Publicado em 30 de abril de 2012 às 14h43.

São Paulo - Está quase na hora do almoço quando Ken – um garoto de 20 anos, prestativo, arguto e inquiridor – adentra o ateliê de Mark Rothko. O rapaz trabalha há alguns meses como assistente do renomado pintor. Limpa pincéis, mistura pigmentos, carrega quadros pesados, aplica a cor de base sobre as telas e faz compras. Nenhuma das obrigações, porém, parece tão ingrata quanto suportar o temperamento do chefe, um cinquentão taciturno, de cabelos escassos e óculos redondos, que fuma e bebe desbragadamente, se enfurece à toa e usa blazer ou terno mesmo em ocasiões pouco solenes.

O estúdio que ambos compartilham todos os dias entre 9 da manhã e 5 da tarde é, na realidade, um antigo ginásio da Associação Cristã de Moços. Fica em Nova York e abriga um andaime extenso, além de prateleiras com latas de tinta. O espaço não poderia se mostrar mais adequado para a tarefa que Rothko assumiu naquele verão de 1958: produzir uma série de murais abstratos em que o vermelho, o alaranjado, o negro, o marrom e o castanho se revezam.

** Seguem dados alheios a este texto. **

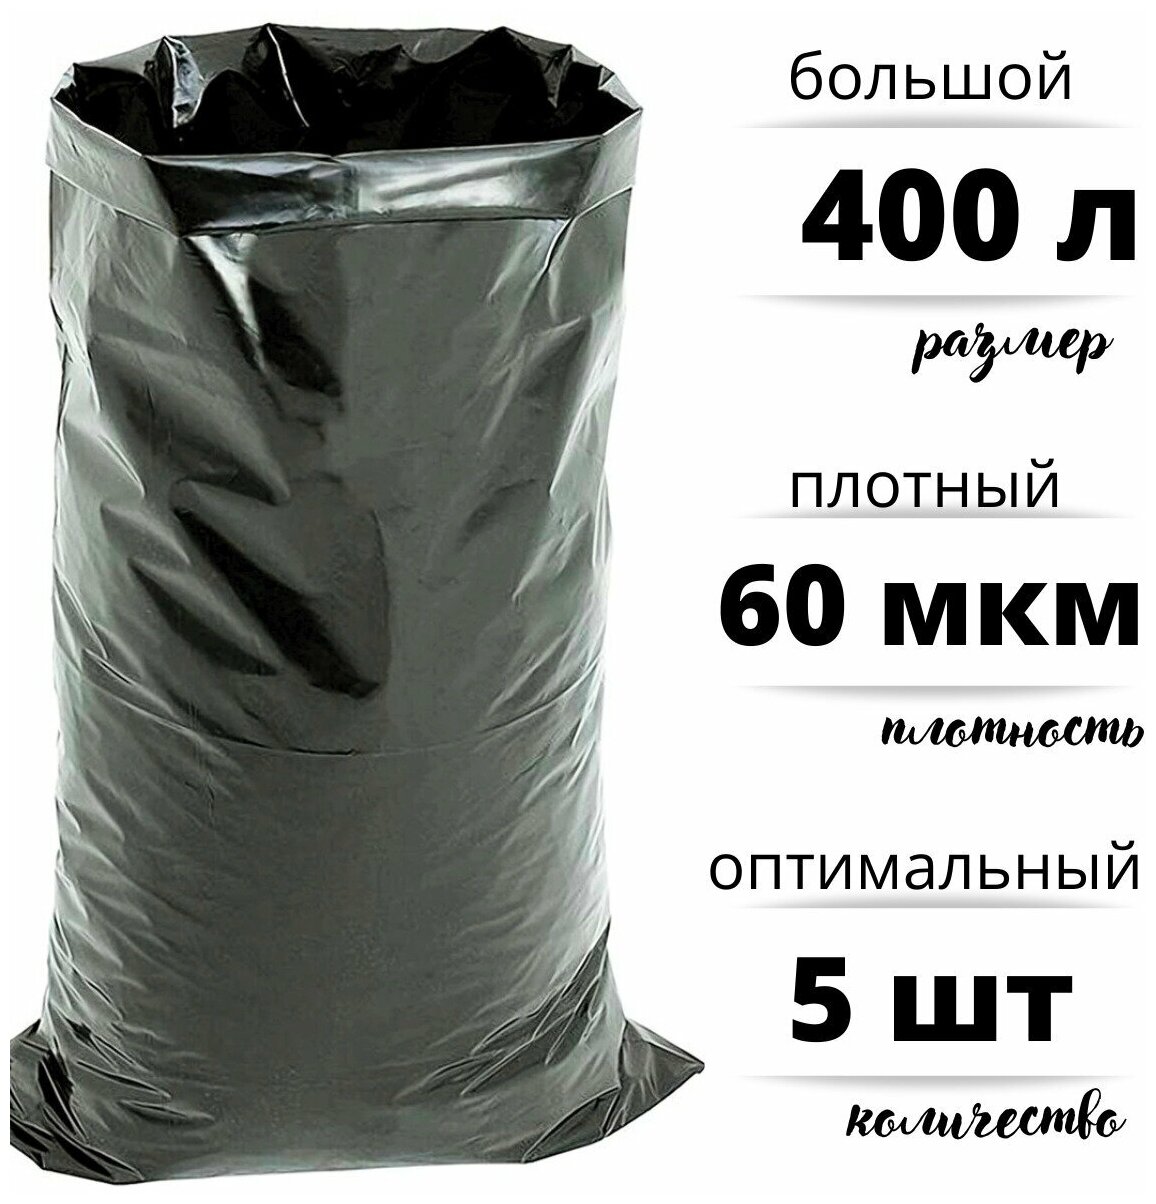 Мешки для строительного и бытового мусора полиэтиленовые 400 л особо плотные ПВД 60 мкм 5 штук

Ken traz comida chinesa da rua e, mal abre a porta do ginásio, avista o patrão reflexivo, ouvindo música clássica. “Visitei a exposição de Pablo Picasso ontem à noite”, conta o funcionário, que sonha virar pintor. Rothko, desdenhoso, apregoa que o artista espanhol já atravessou fases melhores.

“Agora se contenta em bancar o charlatão. Confecciona vasinhos horrorosos e põe o nome em menus para sobreviver.” O assistente não diz nada. Rothko prossegue: “Trágico é se tornar supérfluo em plena existência... Nós destruímos Picasso e o cubismo. Pisoteamos aquela dupla infernal até a morte. Hoje ninguém ousa esboçar um quadro cubista, sob o risco de cair no ridículo.”

A primeira pessoa do plural, aqui, se refere à ruidosa turma de pintores que entrou para a história como artífice do expressionismo abstrato: Jackson Pollock, Willem de Kooning, Barnett Newman, Clyfford Still, Franz Kline e o próprio Rothko, entre outros. O grupo nova-iorquino despontou imediatamente depois da Segunda Guerra e logo alcançou reconhecimento internacional.

Ganhou o rótulo de “expressionista abstrato” por causa de criações não figurativas, que questionam o racionalismo e exalam uma intensidade emocional semelhante à do expressionismo alemão – movimento estético que sacudiu a Europa no começo do século 20.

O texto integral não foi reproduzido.